**EXERCISE DETAILS:**
The entire listing below is to be written out exactly, minus the pictures.

**DATASET SECTION:**
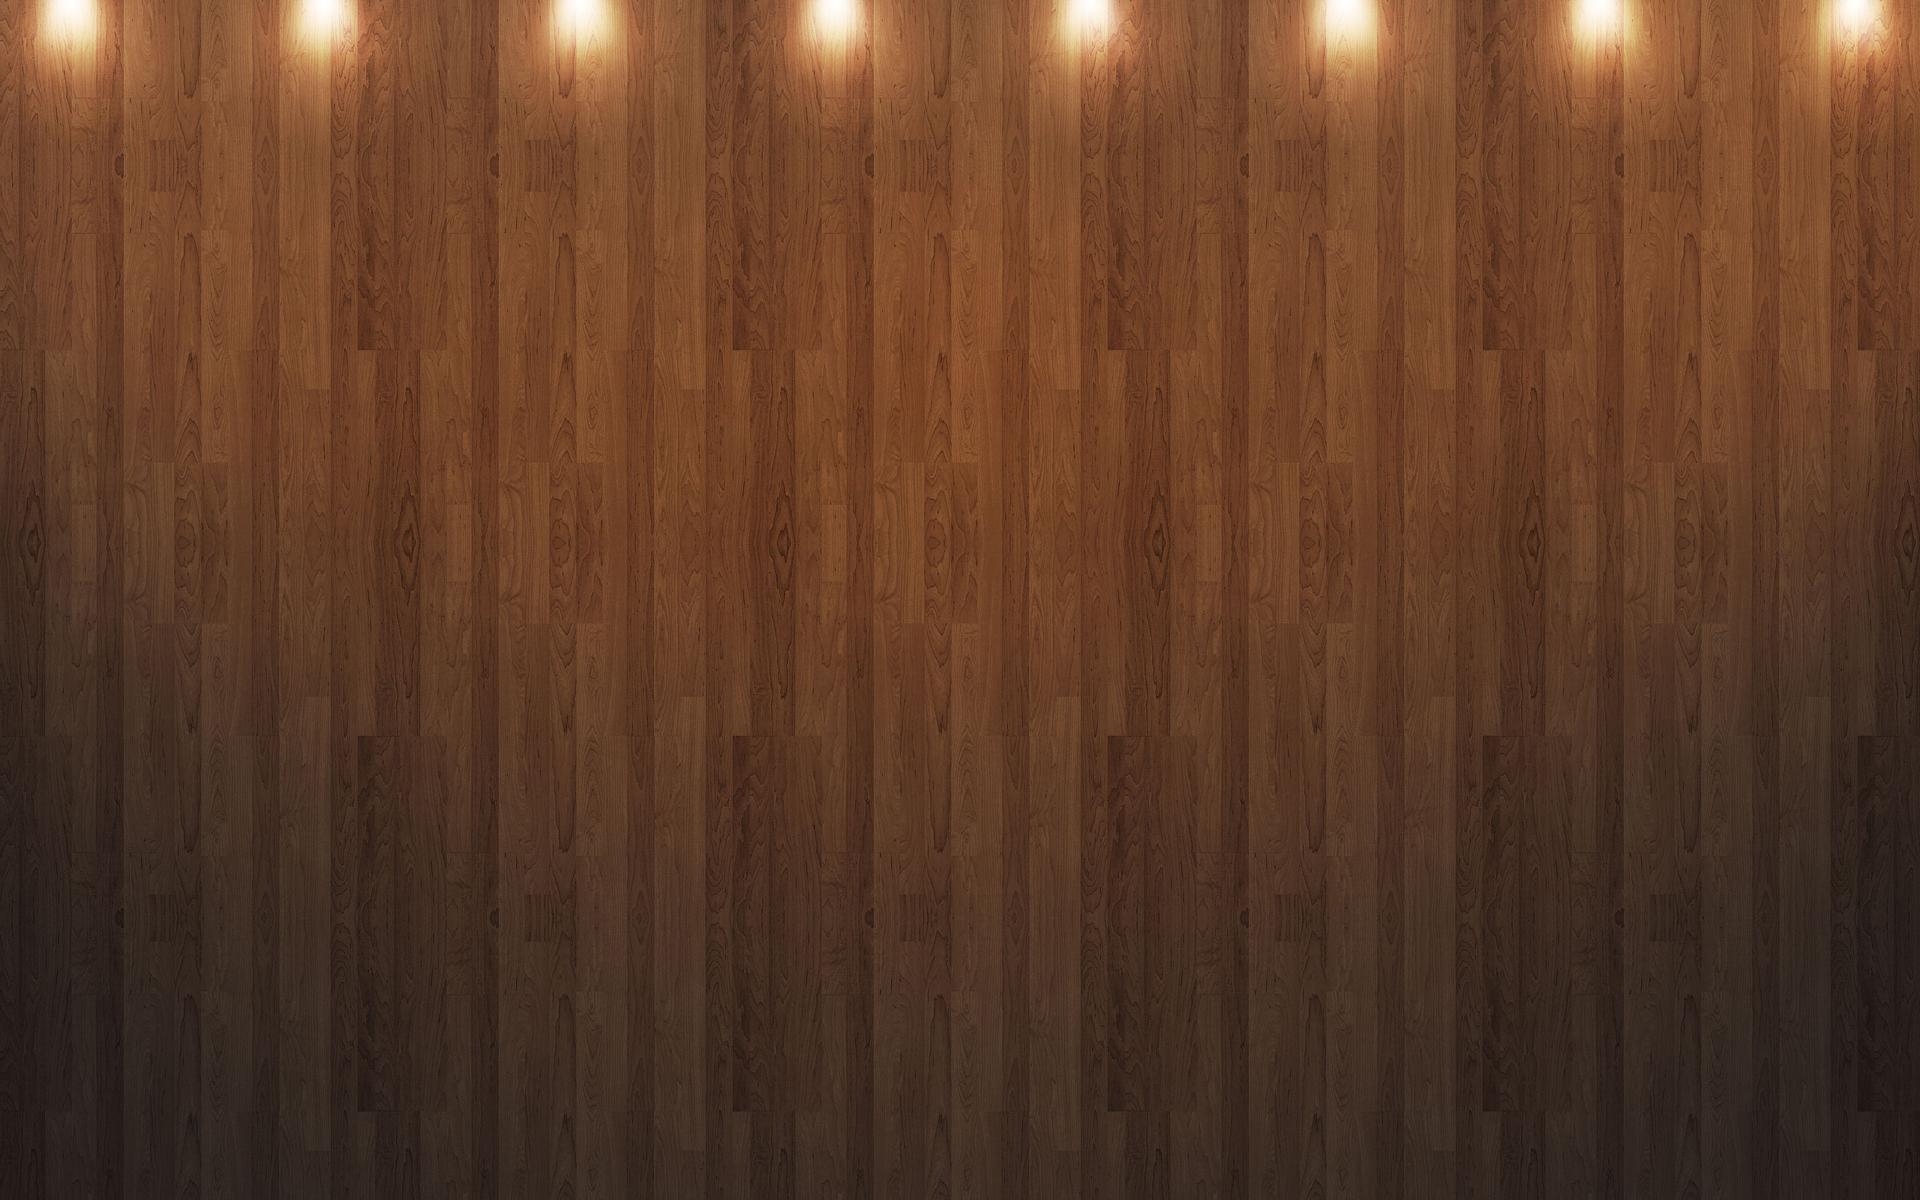 Wallpapers Backgrounds Por Wallpaper Filter Wood Lights 1920x1200
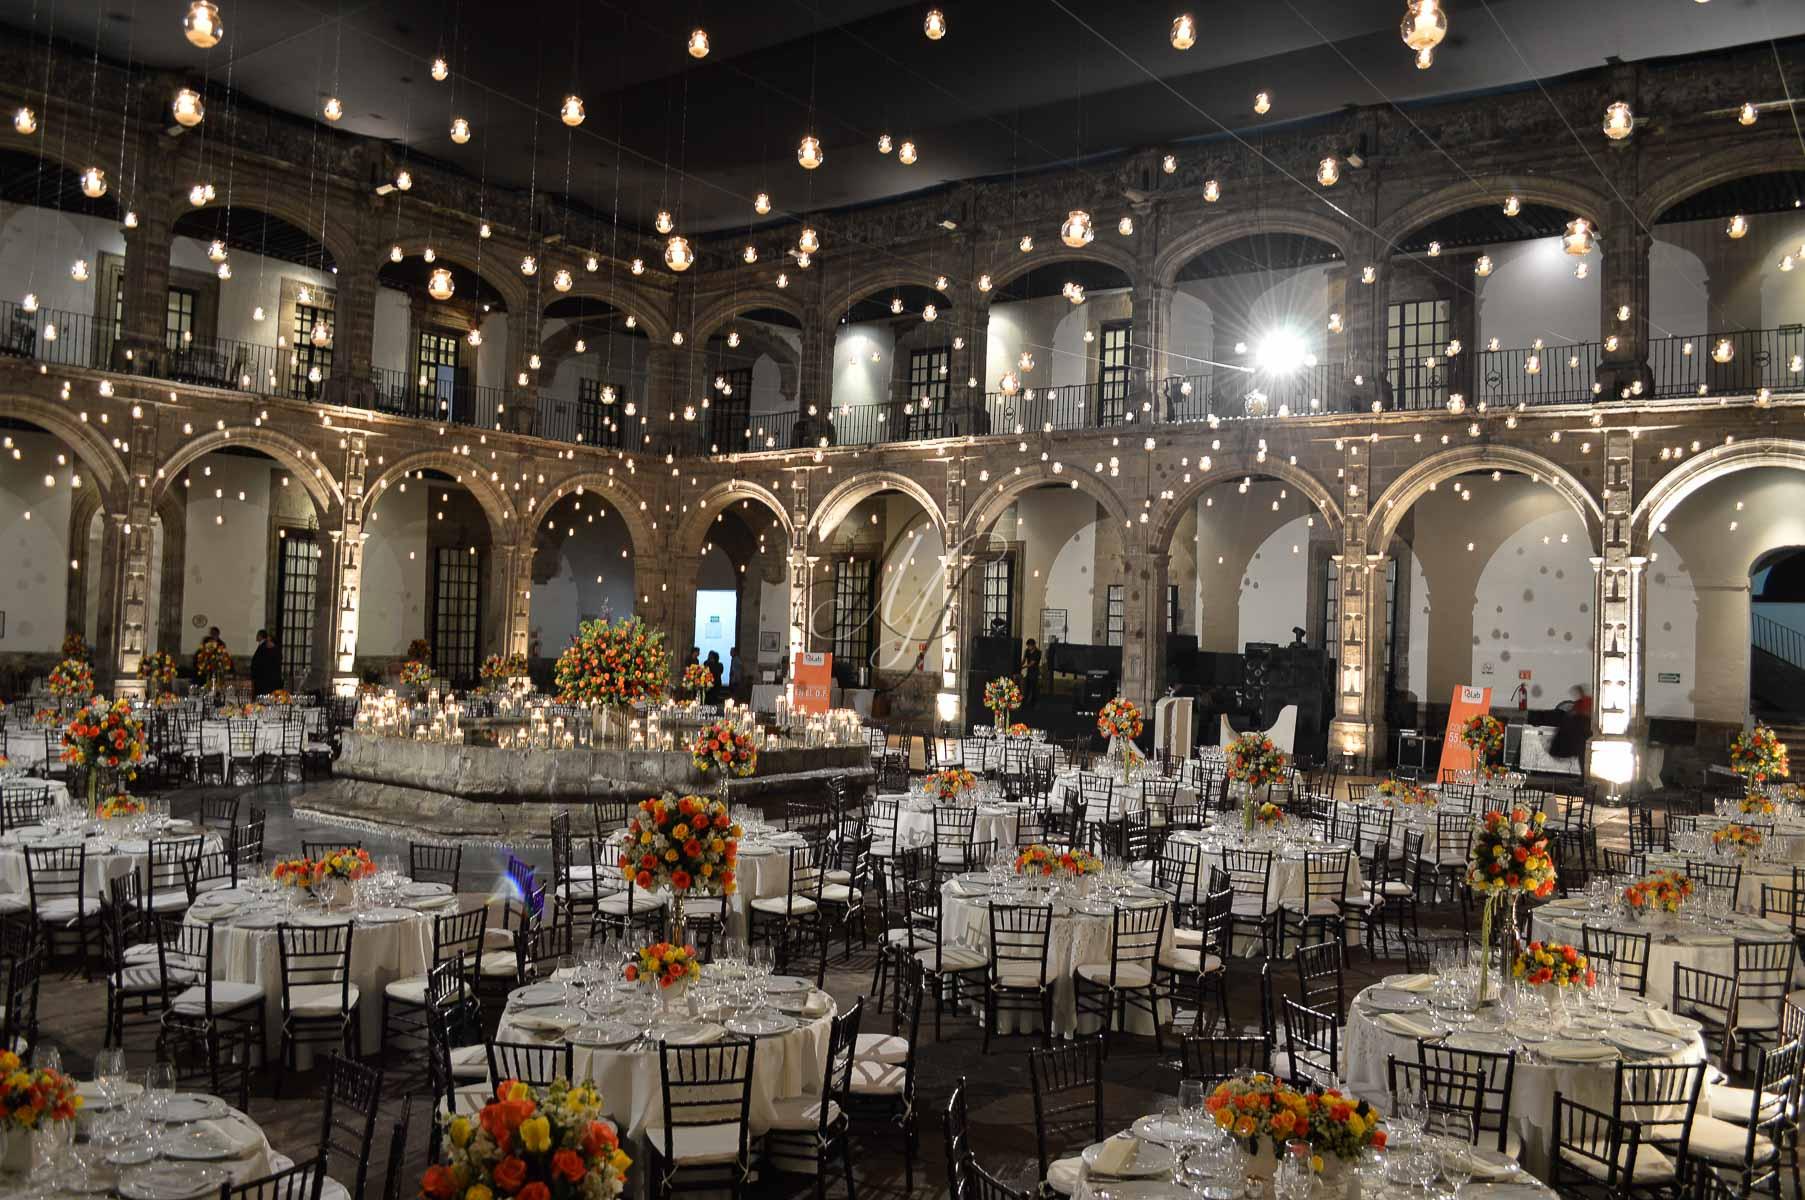 Bodas recintos ex convento san hipolito df6 banquetes for Jardines bodas df
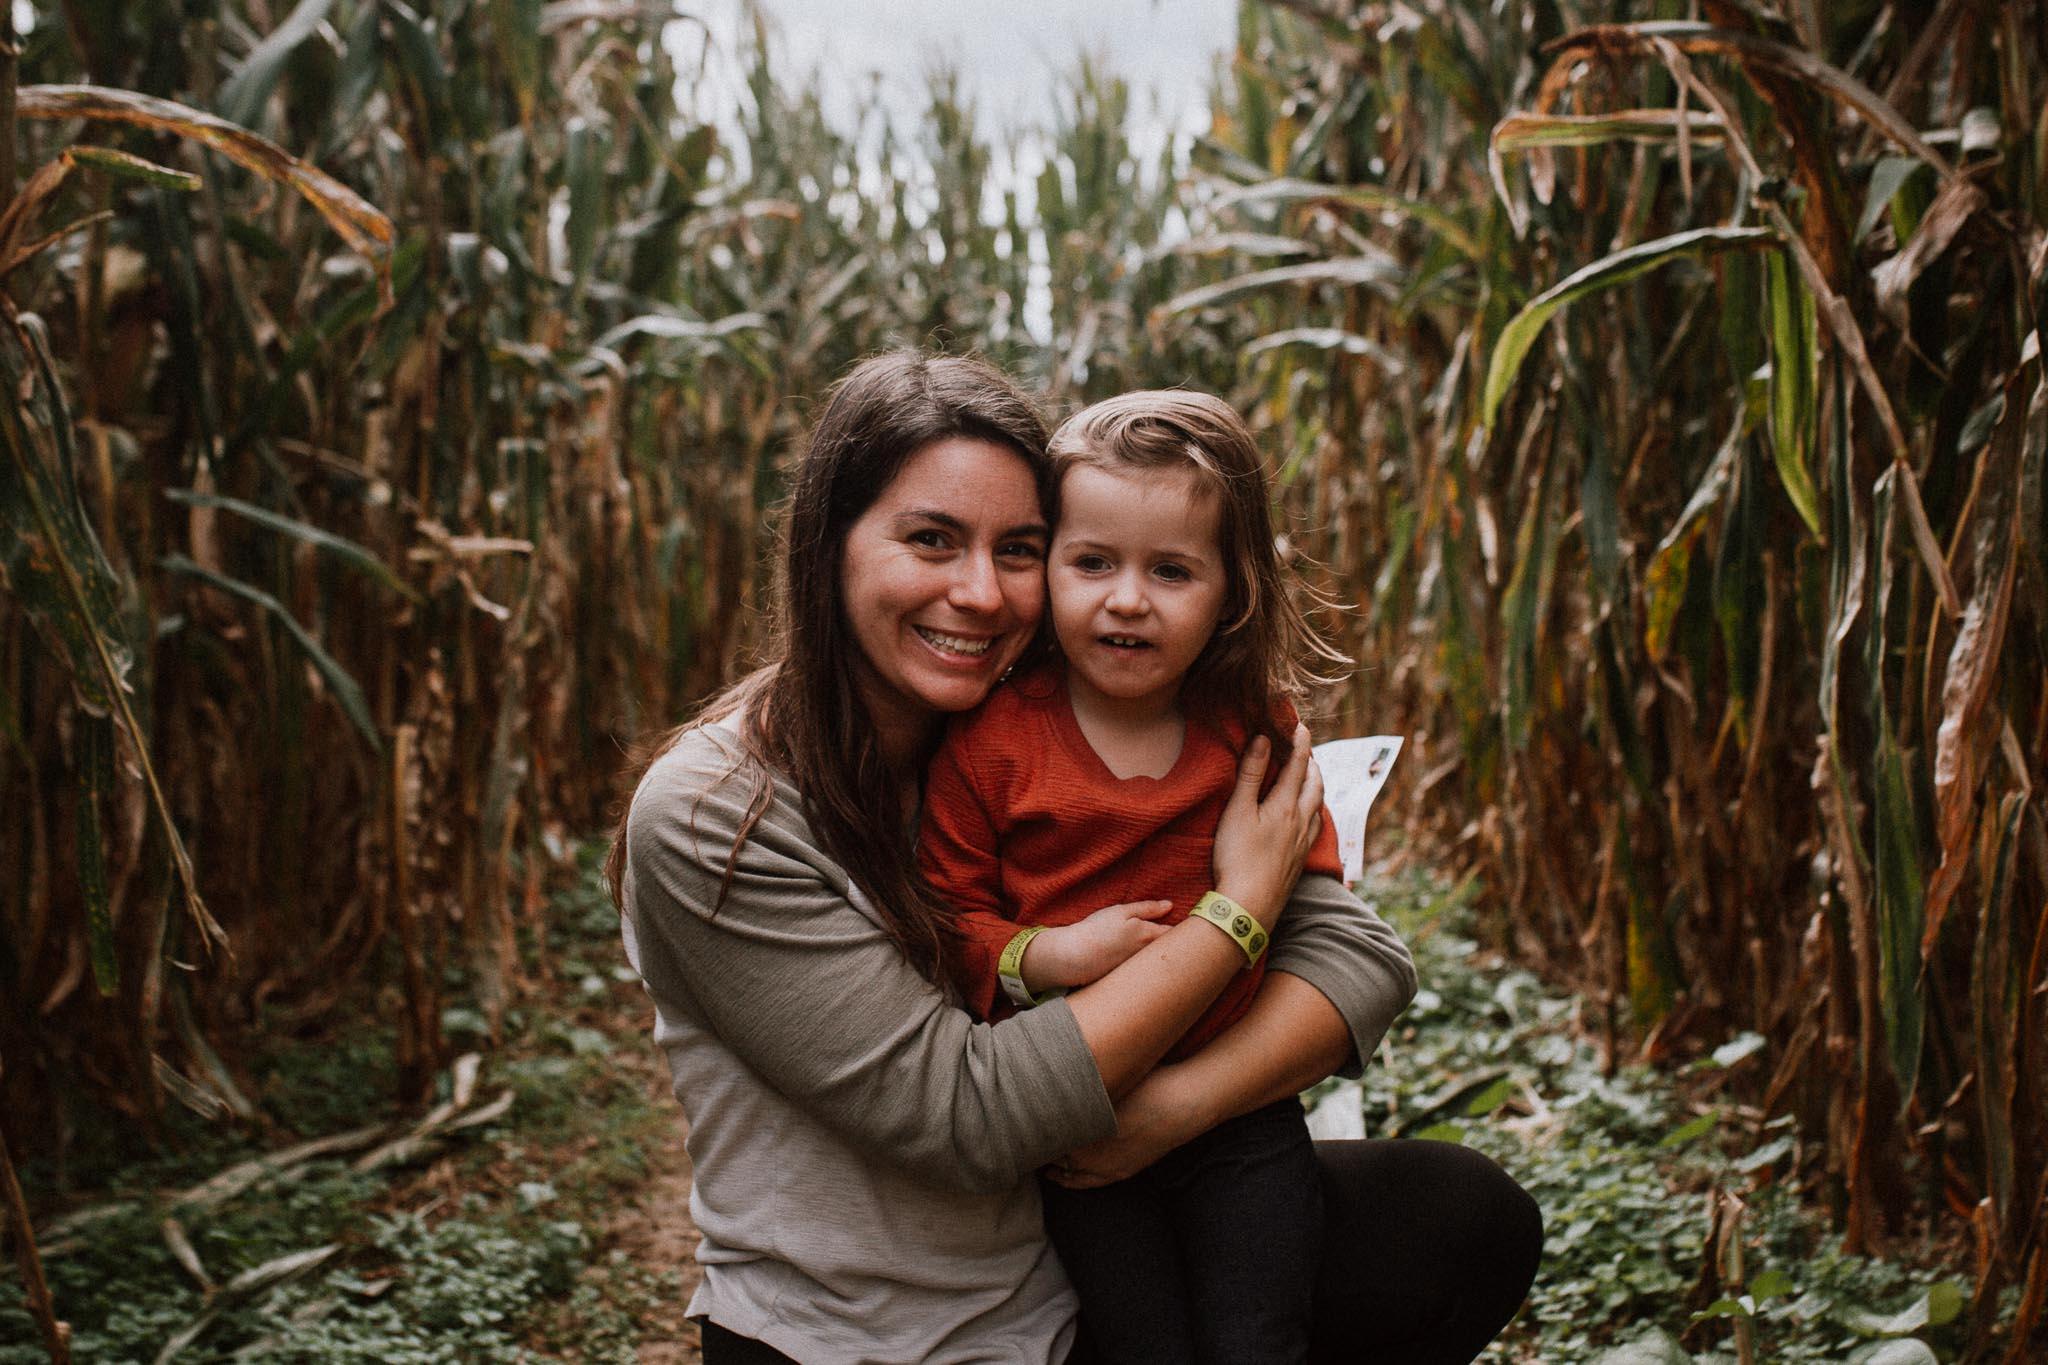 mother daughter toddler corn maze Ashburn Loudoun Virginia Lifestyle Documentary Family Marti Austin Photography

**FINAL ANSWER:**
 Wallpapers Backgrounds Por Wallpaper Filter Wood Lights 1920x1200
 Bodas recintos ex convento san hipolito df6 banquetes for Jardines bodas df
 mother daughter toddler corn maze Ashburn Loudoun Virginia Lifestyle Documentary Family Marti Austin Photography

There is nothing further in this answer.